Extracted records
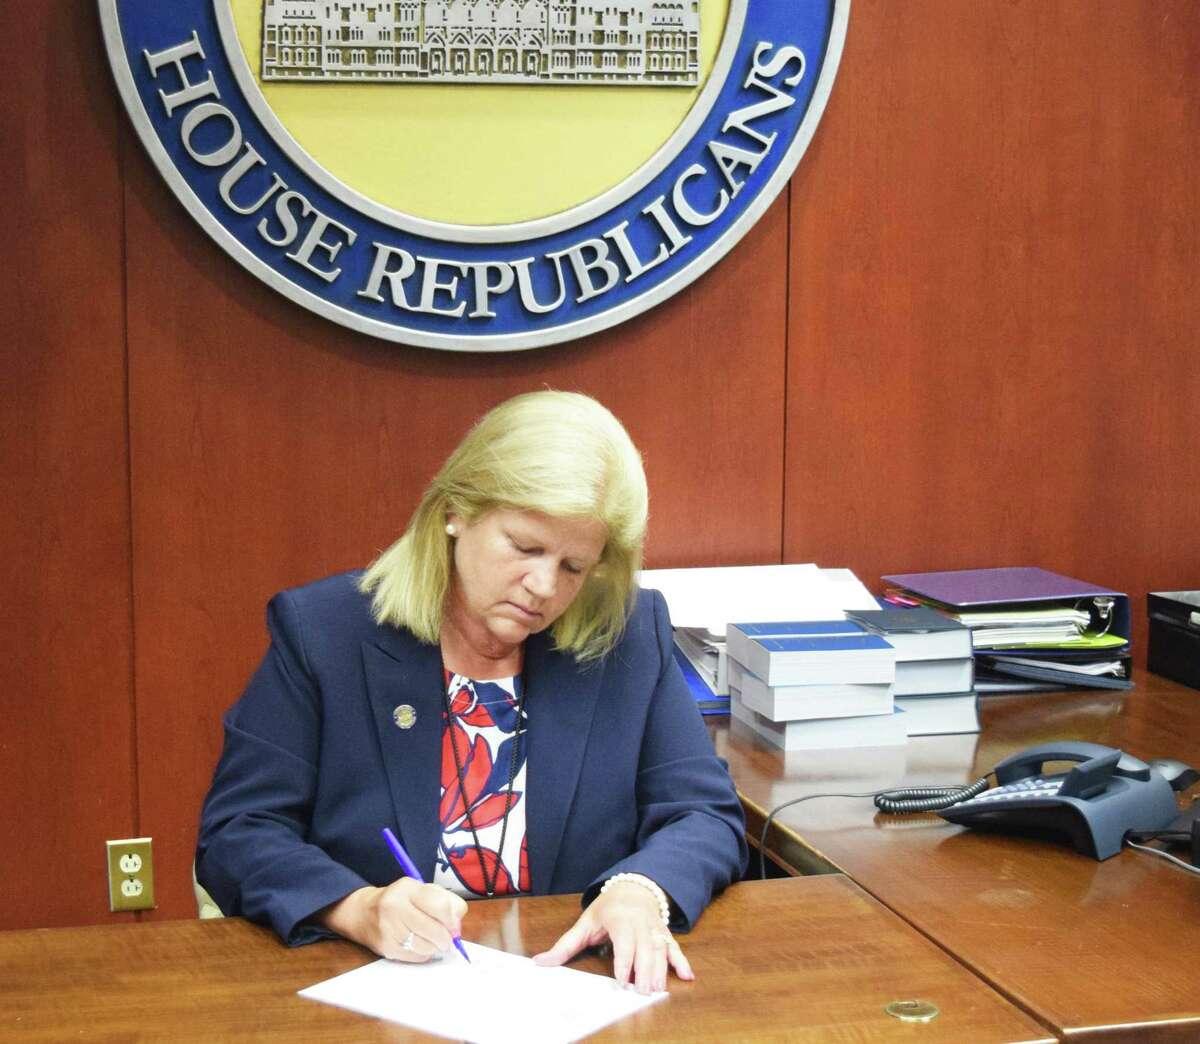 State Rep. Irene Haines, R-East Haddam
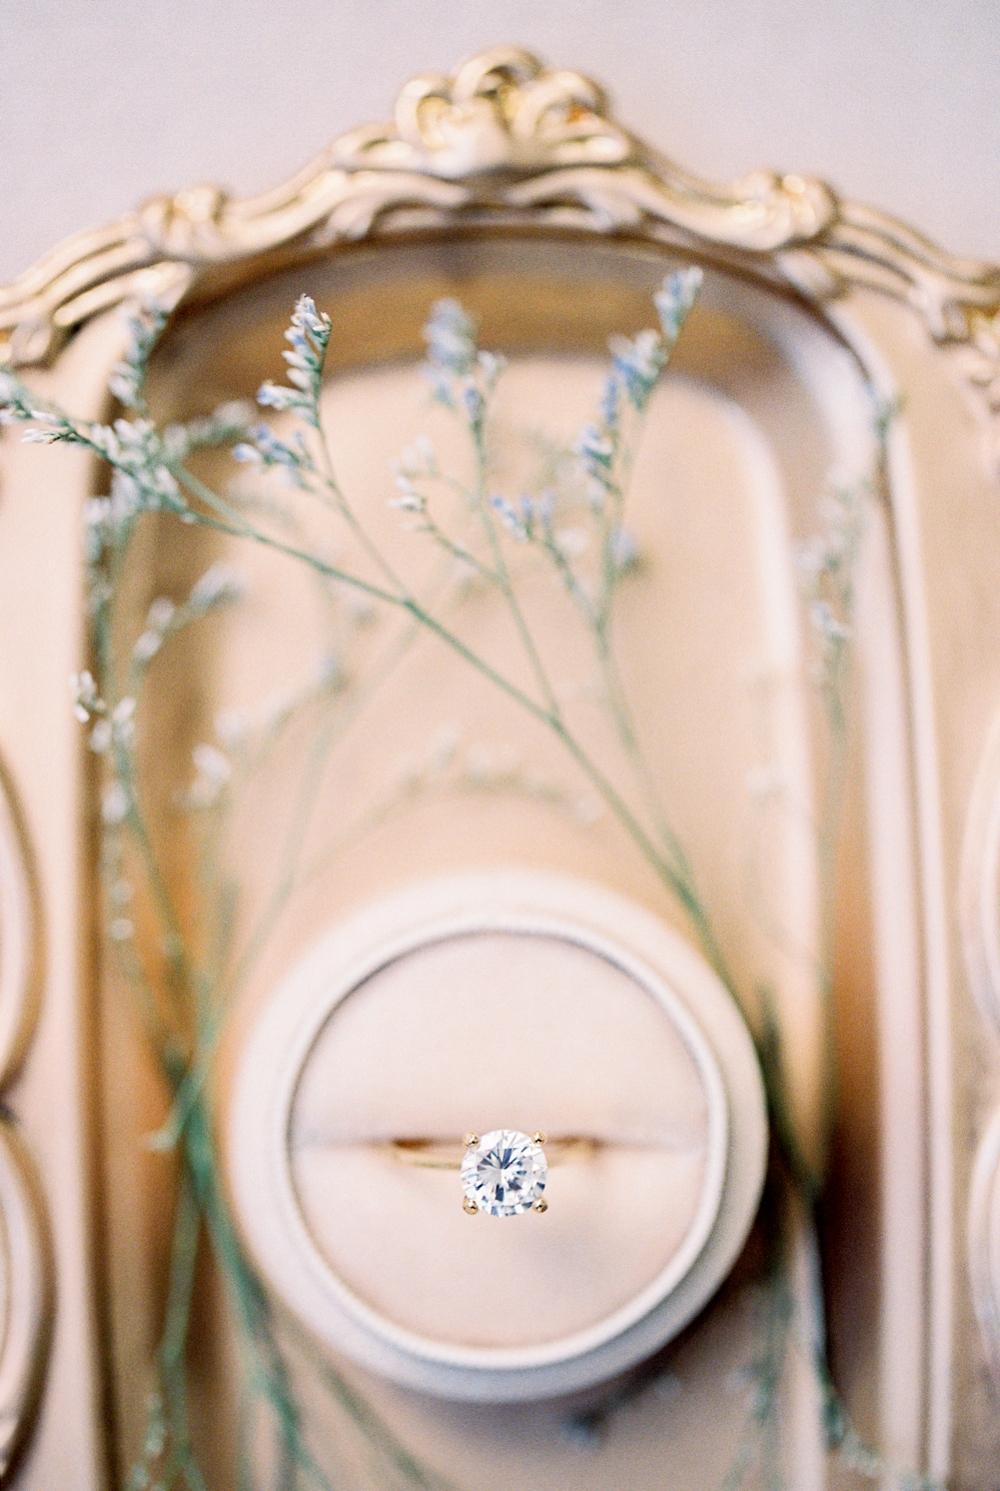 Kristin-La-Voie-Photography-fine-art-wedding-bridal-boudoir-texas-photographer-Dallas-Austin-San-Marcos-wahwahtaysee-resort-19
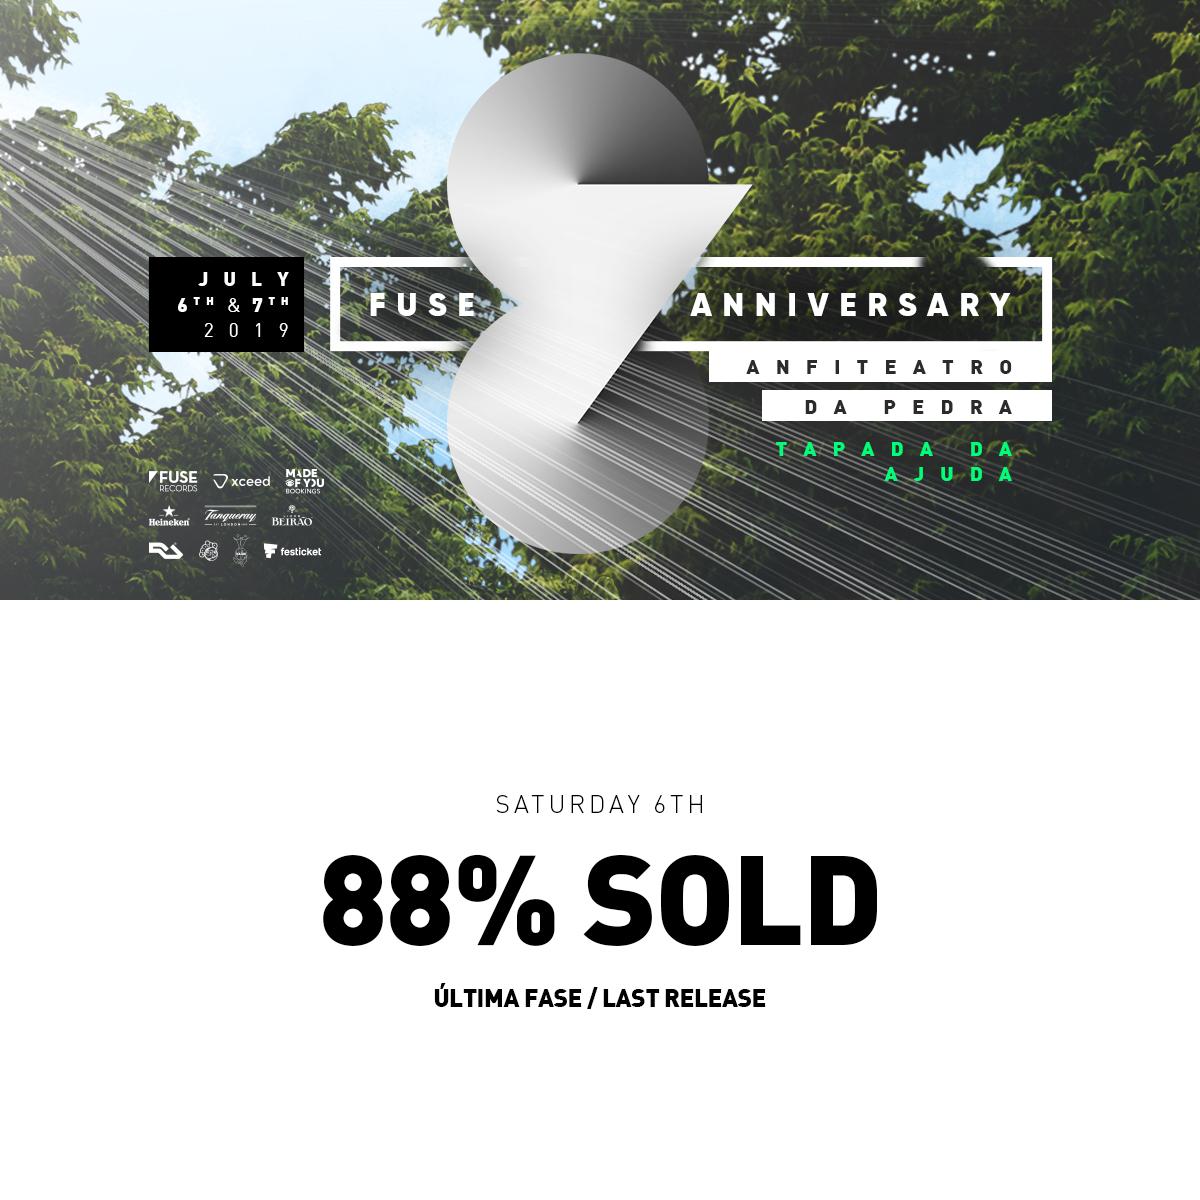 88_FuseMatine_aniversario_Profile_Sold.jpg
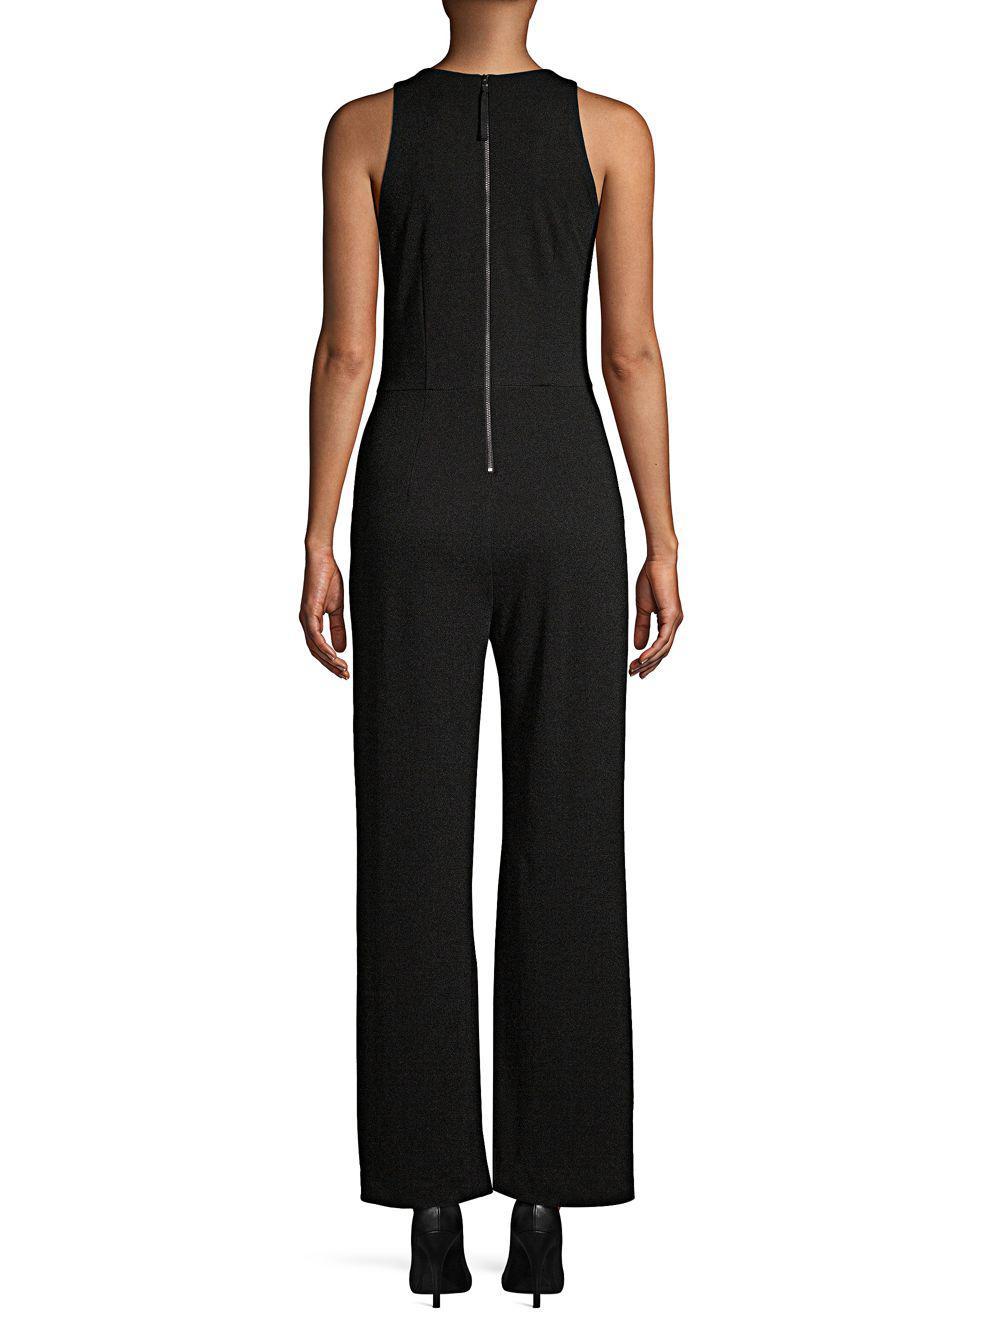 67bab05dff ... Black Ruched V-neck Jumpsuit - Lyst. View fullscreen
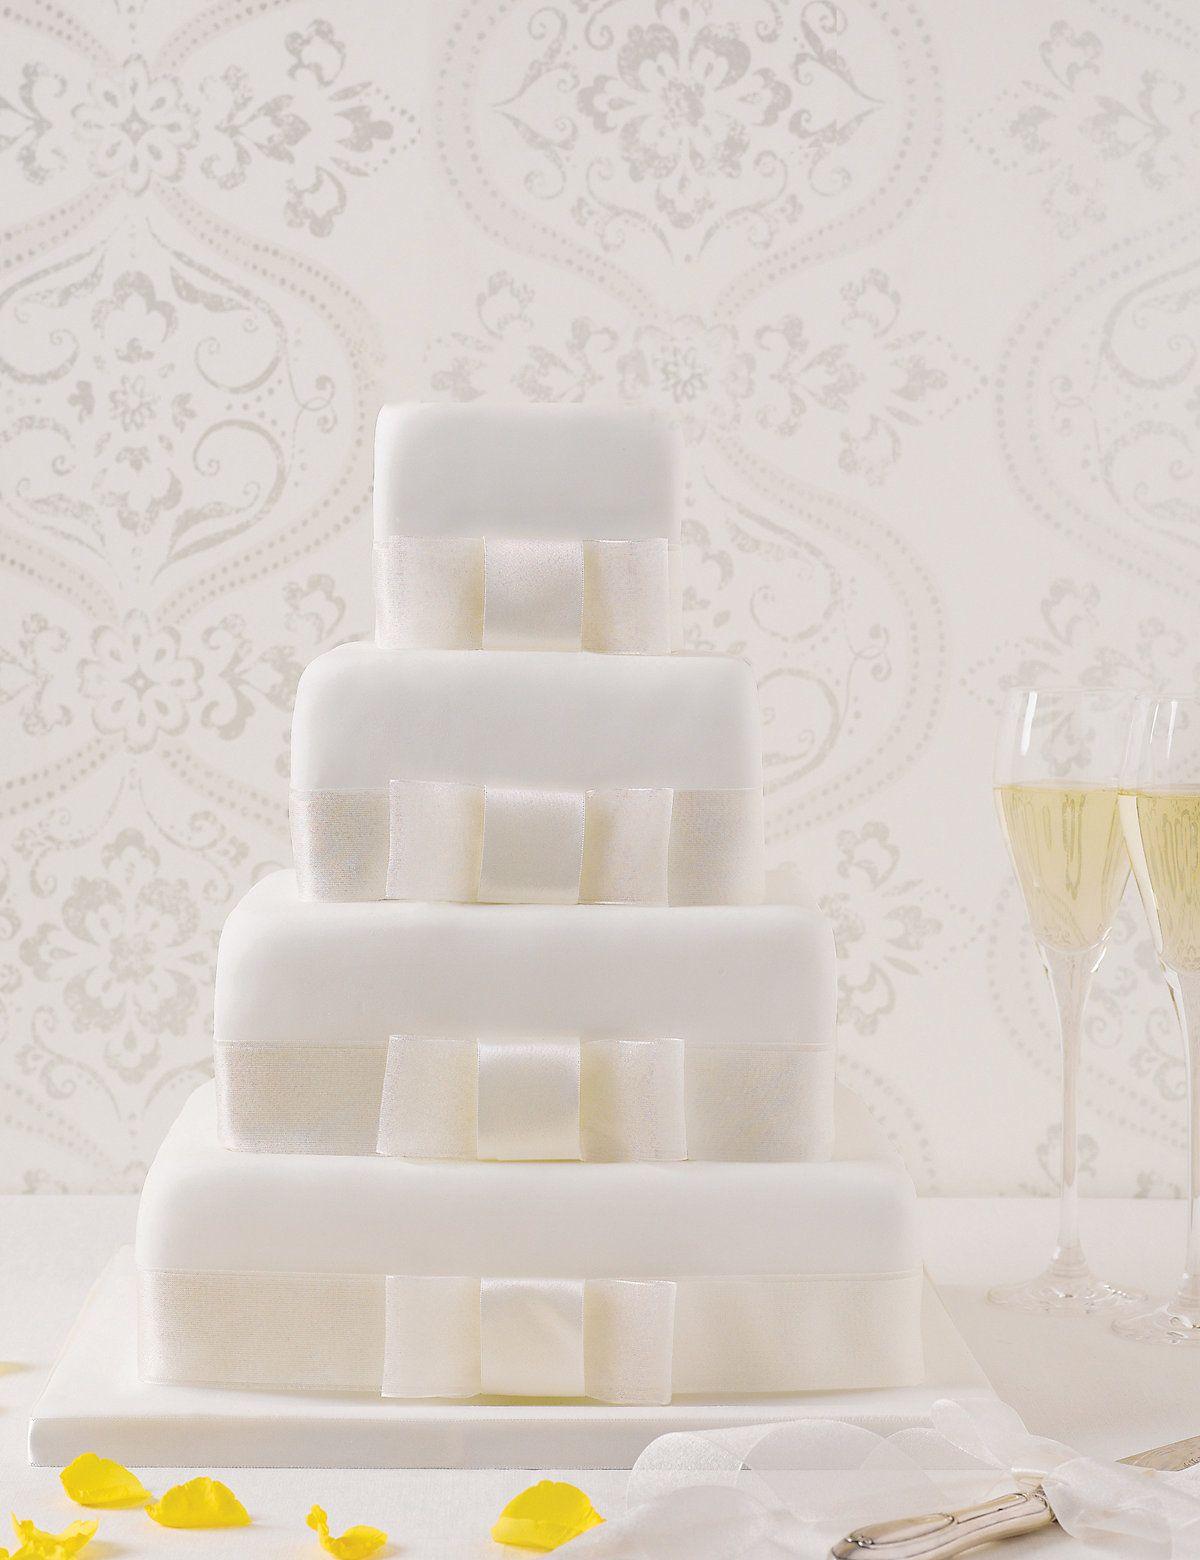 4 Tier Elegant Lemon Wedding Cake   M&S   Mexican cakes   Pinterest ...

Exercise objective
A faithful copy of all the lines above is needed, with the pictures omitted.

Response below
 State Rep. Irene Haines, R-East Haddam
 Kristin-La-Voie-Photography-fine-art-wedding-bridal-boudoir-texas-photographer-Dallas-Austin-San-Marcos-wahwahtaysee-resort-19
 88_FuseMatine_aniversario_Profile_Sold.jpg
 67bab05dff ... Black Ruched V-neck Jumpsuit - Lyst. View fullscreen
 4 Tier Elegant Lemon Wedding Cake   M&S   Mexican cakes   Pinterest ...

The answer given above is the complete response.